Hamburger Originale: Pola, die Anti-Fashionista aus der Kleiderei

© Maria Kotylevskaja

„Das sagen komischerweise alle, die das erste Mal hier sind.“, sagt Pola. Gerade sind Maria und ich oben in den Räumen der Kleiderei angekommen. Es fühlt sich komisch an, hier zu sein. Hier, das ist die Billhorner Brückenstraße 40. Jeder hat es schon einmal gesehen, aber dennoch wird dieses Gebäude meist nur links liegen gelassen. Fast wie Wahlplakate. Mitten auf der Fahrbahn steht es. Grau und etwas unwirklich begrüßt und verabschiedet es dort je nach Fahrtrichtung die Hamburger Autofahrer.
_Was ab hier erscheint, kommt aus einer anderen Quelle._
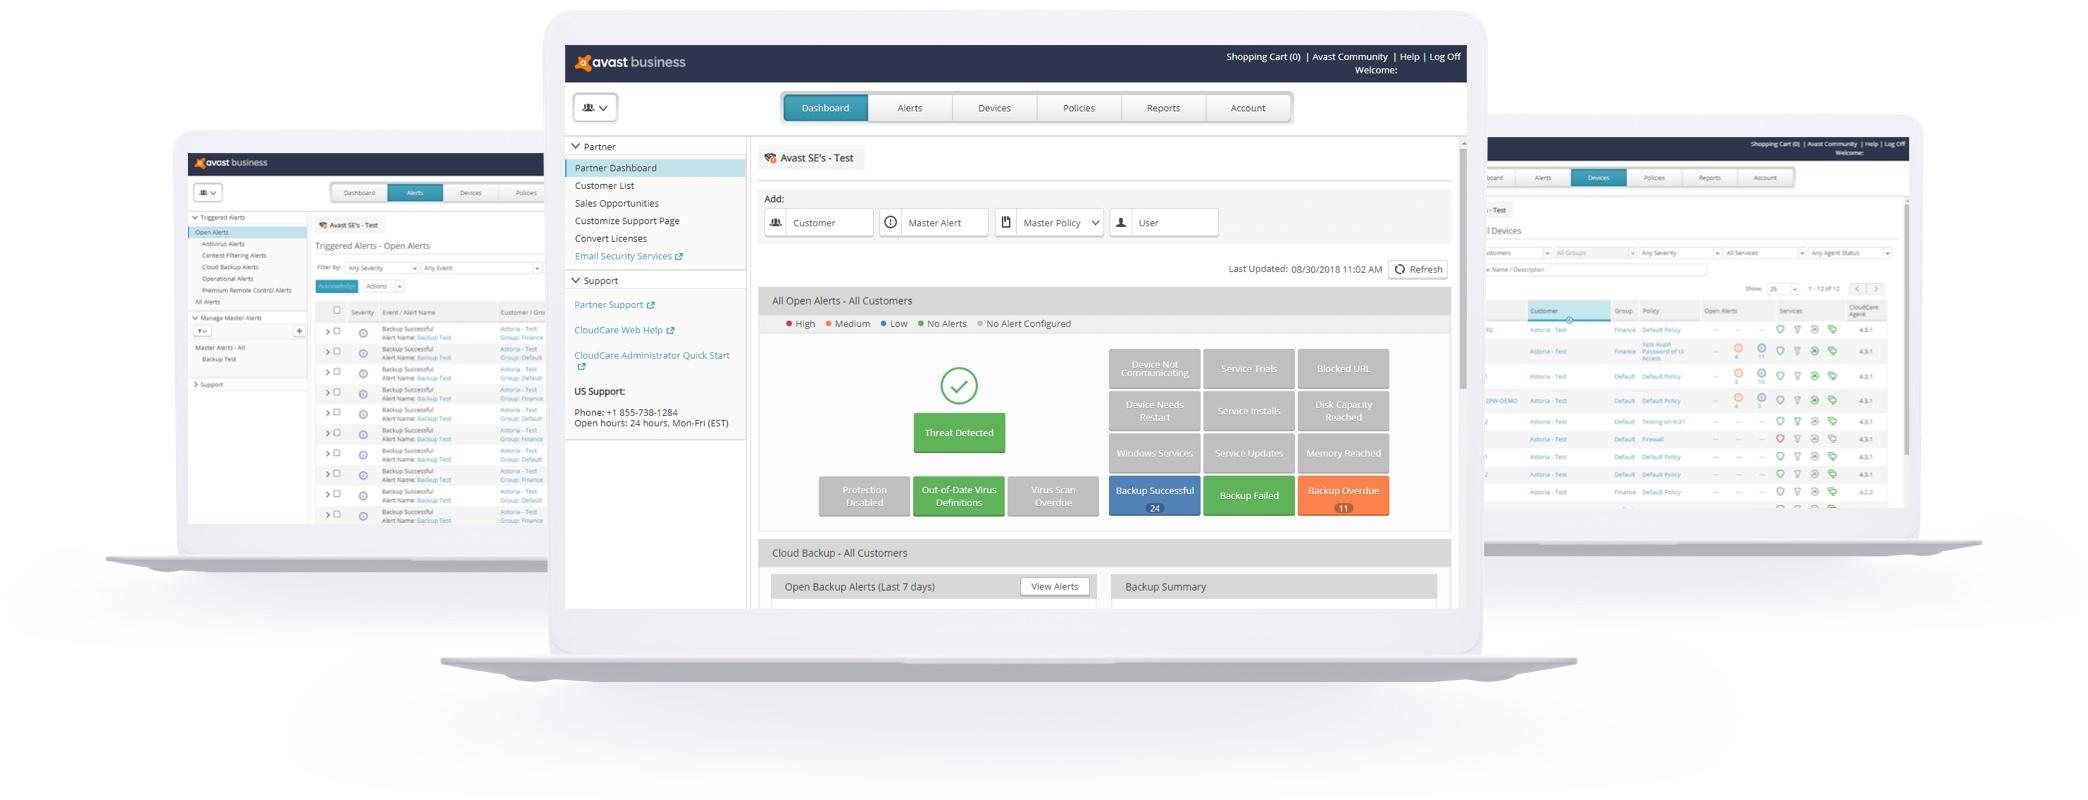 CloudCare proporciona un conjunto completo de servicios de seguridad.

Der Mercedes-Stern auf dem Dach tut das Übrige, für diese seltsame Außenwirkung. Als Hamburgs kreativer Vorposten wurde es vor vielen Jahren mal im Abendblatt beschrieben. Das ist es heute immer noch. Neben Film-Produktionsfirmen und Ateliers ist es auch die Heimat der Kleiderei. In diesem Komplex findet sich ein kleiner Kosmos an Menschen, die keinem typischen 9-to-5-Job nachgehen.

© Maria Kotylevskaja

Angekommen im siebten Stock, nach einer ruckelnden Fahrt mit dem Aufzug, und ein paar Metern unter dem Markenzeichen des schwäbischen Automobilherstellers, fällt uns sofort der weite Blick über die Stadt auf. Zuvor muss aber das selbst gebaute Paletten-Podest erklommen werden, um überhaupt die richtige Höhe zu haben. „Möchtet ihr einen Tee?“, holt uns Pola wieder zurück in das Hier und Jetzt. Aufwärmen muss man sich zwar in diesen ersten Herbsttagen zum Glück nicht wirklich, aber gern.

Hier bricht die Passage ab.